Crosshairs: this might be nothing, but I'm worried we're seeing early signs of a flare-up. I know why now? I can't explain it, but I don't feel like this is depression.
I take a picture of Jamie and send it to Ratchet.
Ratchet: I see why you worry, but I don't think a blood test will detect anything yet.
Scrap, he still thinks this could be an unusual sign of a flare-up. No one is going to like this, and Cade will panic.
Ratchet: this could be depression getting at her. The things that scumbag soldier said. Either way, I'm sorry the vacation isn't going well.
I thank him for his help and sigh. Drift looks at me, knowing we'll need to talk later. I think we would be, anyway.
Jamie has fallen asleep. Drift takes her up to our room. I'm not following him because I'm sure he will change her clothes.

Hound asks how Jamie is doing. I don't feel any better, as Hound explains how this behavior is normal after a seizure for most. I show him my picture of Jamie and tell him I'm worried, even after all these years, that this is an early sign of a flare-up.
"I'm not sure. I hate to say, for now, we can only watch Jamie."
I worry Jamie is very sick even if she looks ok.

Drift's P.O.V.
Once Jamie and I are dressed, I sit on the rocking chair with Jamie on my lap. Something aside from Jamie's depression is worrying Crosshairs. I see the sadness in Jamie's eyes and remember Ratchet telling me she wants a DNR in her file. All drugs are in our medical capsules that Jamie wouldn't be able to get to without fighting us. I hate how she's afraid to talk.

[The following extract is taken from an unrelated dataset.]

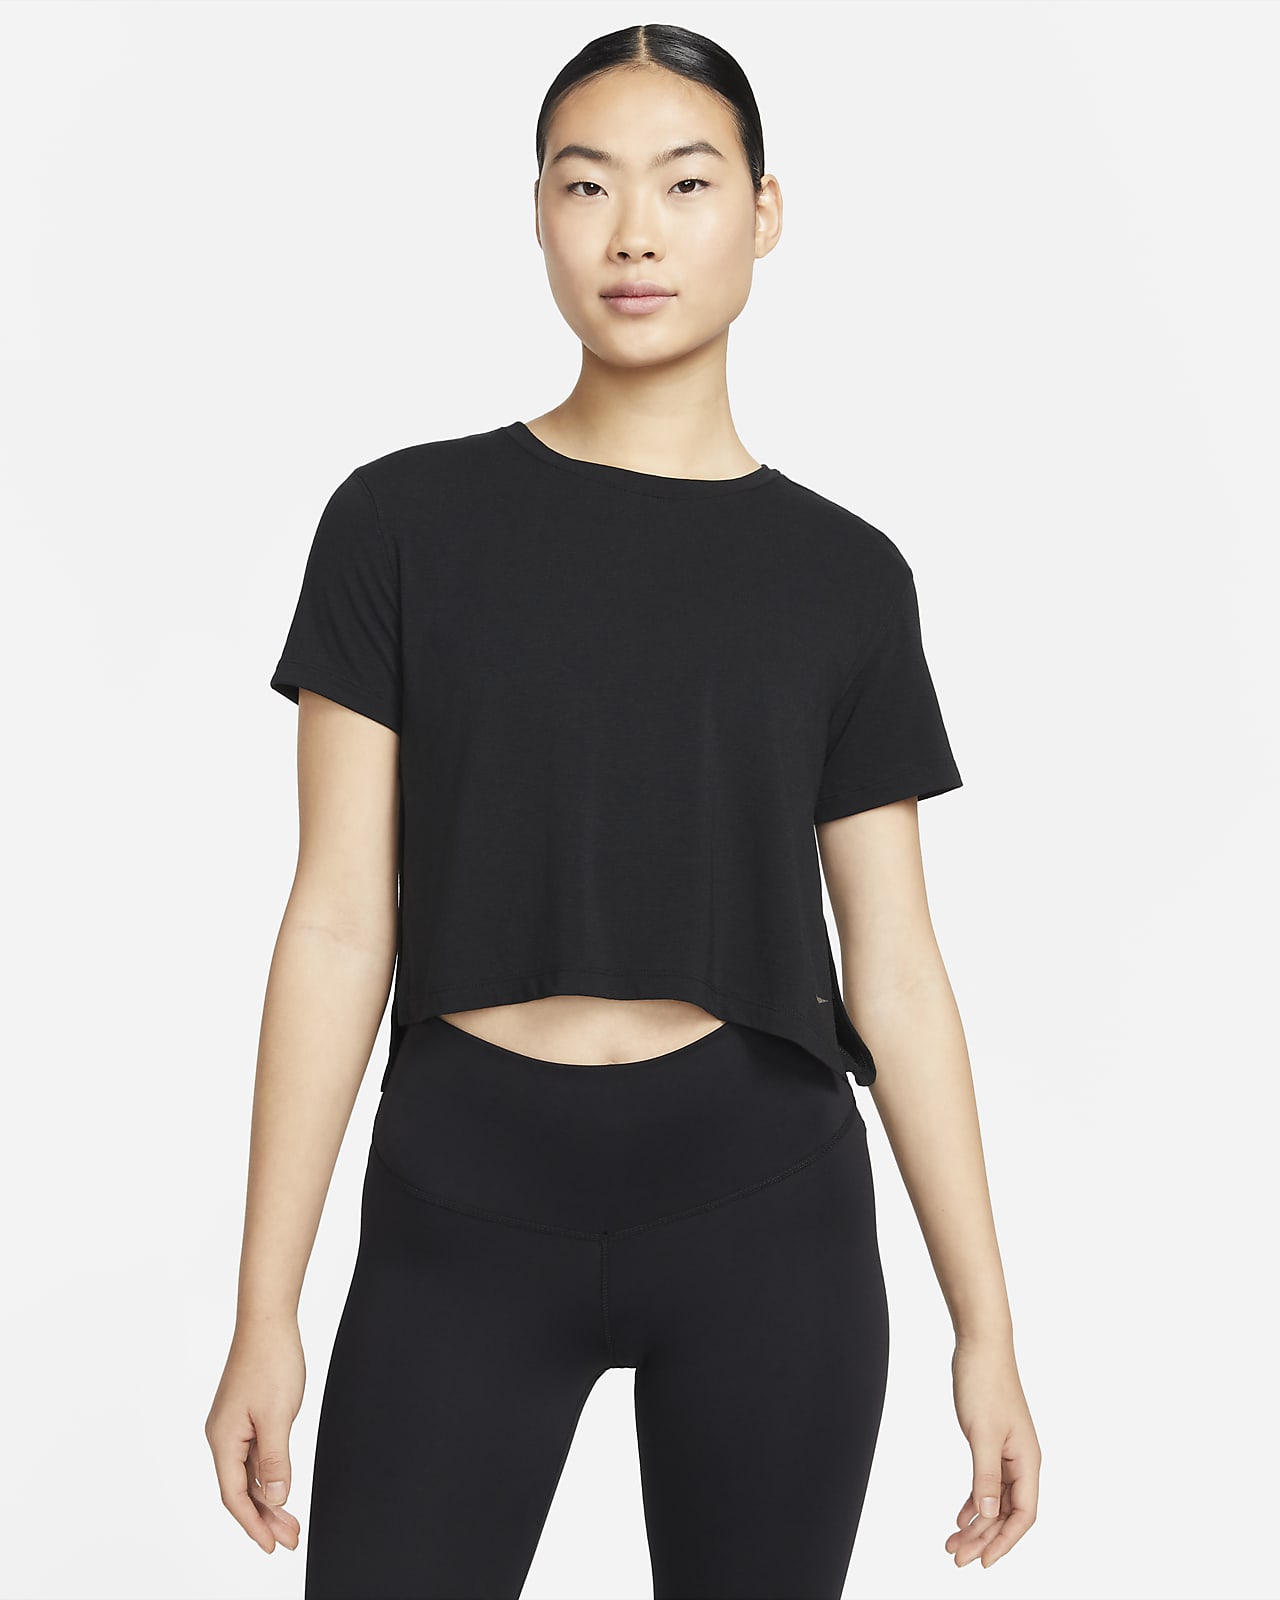 เสื้อผู้หญิง Nike Yoga Dri-FIT

Hound coming in is a little concerning, but he only looks at Jamie before leaving. I'm tempted to check her vitals myself, but I think she'd put up a fight.

Cade's P.O.V.
I didn't mean to eavesdrop on Crosshairs and Hound's conversation, but now I'm worried. Add how Hound went upstairs after the conversation. He returns within a few minutes, but I'm still worried especially hearing Hound say they can only watch Jamie for now. What is going on with her? I'm questioning if this is tiredness from depression we're seeing. 

Jamie wouldn't eat much dinner. I struggle not to go check on her. Caving in by seven.

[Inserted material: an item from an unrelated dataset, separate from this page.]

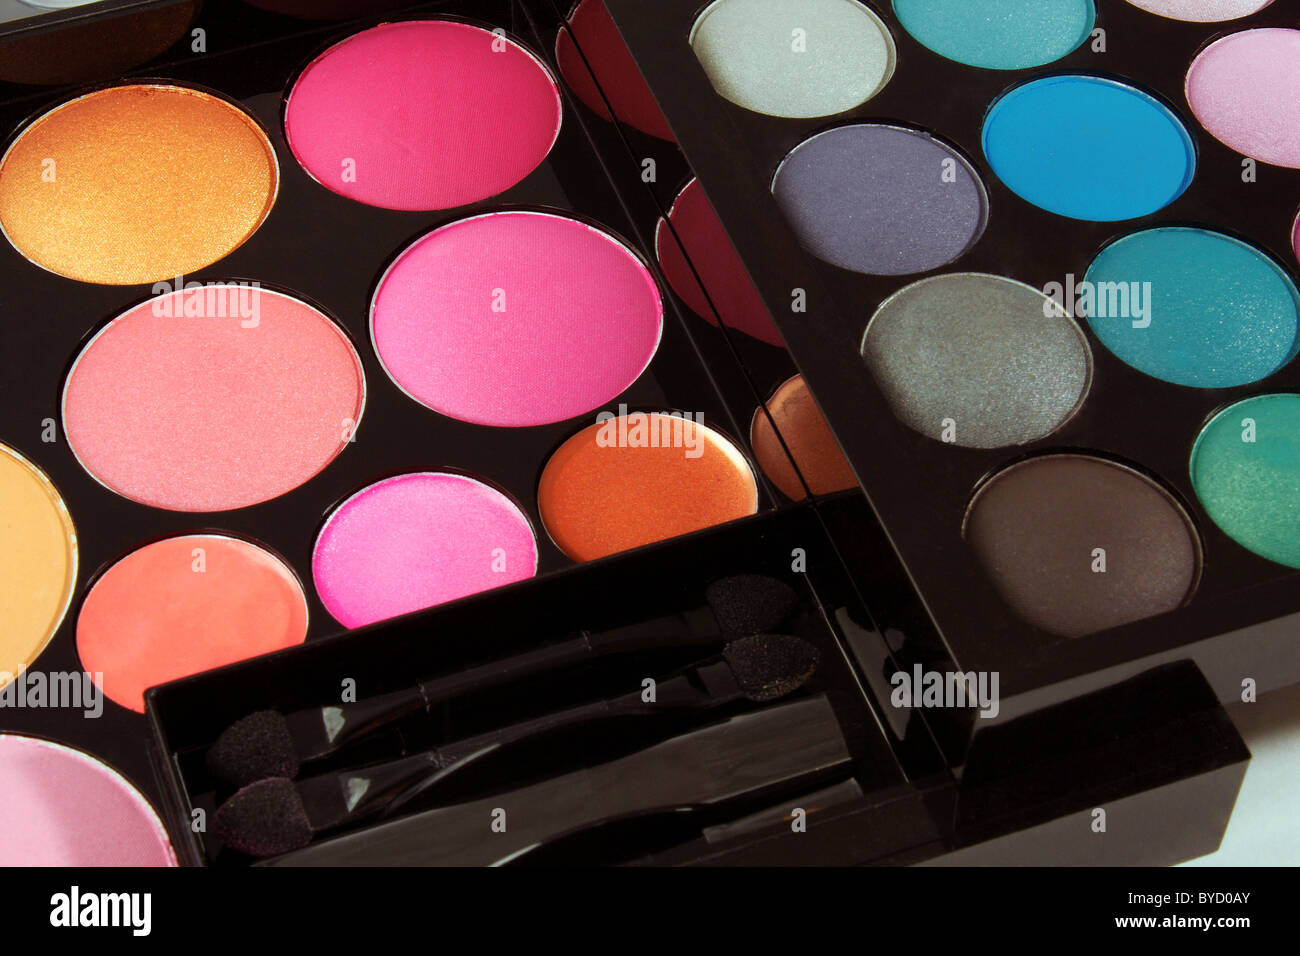 Una collezione di cosmetici occhio ombre, blushers e polveri in una moderna cosmesi professional make up box come un set regalo Foto Stock

"Cade?" Crosshairs asks, standing by the room, "I knew you'd be worried."
"I think now everyone is if they stopped worrying about her."
"I doubt anyone stops worrying even when Jamie is in her dimension," Crosshairs sighs, "I only hope I'm wrong about her lethargy. Not like depression is any better, but...you know. Drift is not going to like hearing we're suspecting an unusual early sign of a flare-up," know the severe ones are rare. However, it'll still suck if Jamie ends up dealing with one. She'll be unconscious for a week. There's always the concern that her condition will get worse, "she'll be ok, Cade."
I watch Crosshairs go into the bedroom, hoping we don't watch Jamie decline and suffer a severe flare-up.

Drift's P.O.V.
Crosshairs, Jamie and I watched T.V. until Jamie oddly fell asleep. Oddly, she is asleep at nine at night. Even Crosshairs worries, going right to scanning the monitor chip.
"Something is troubling you, and I assume, Hound," I comment.
"I don't want to worry you because I could be overthinking, but I worry this lethargy isn't because of depression."
I know what he's thinking. This is not how a flare-up starts, but I see why Crosshairs thinks this is possible.
"I hope not, but we'll be prepared. It'll just kill everyone's mood."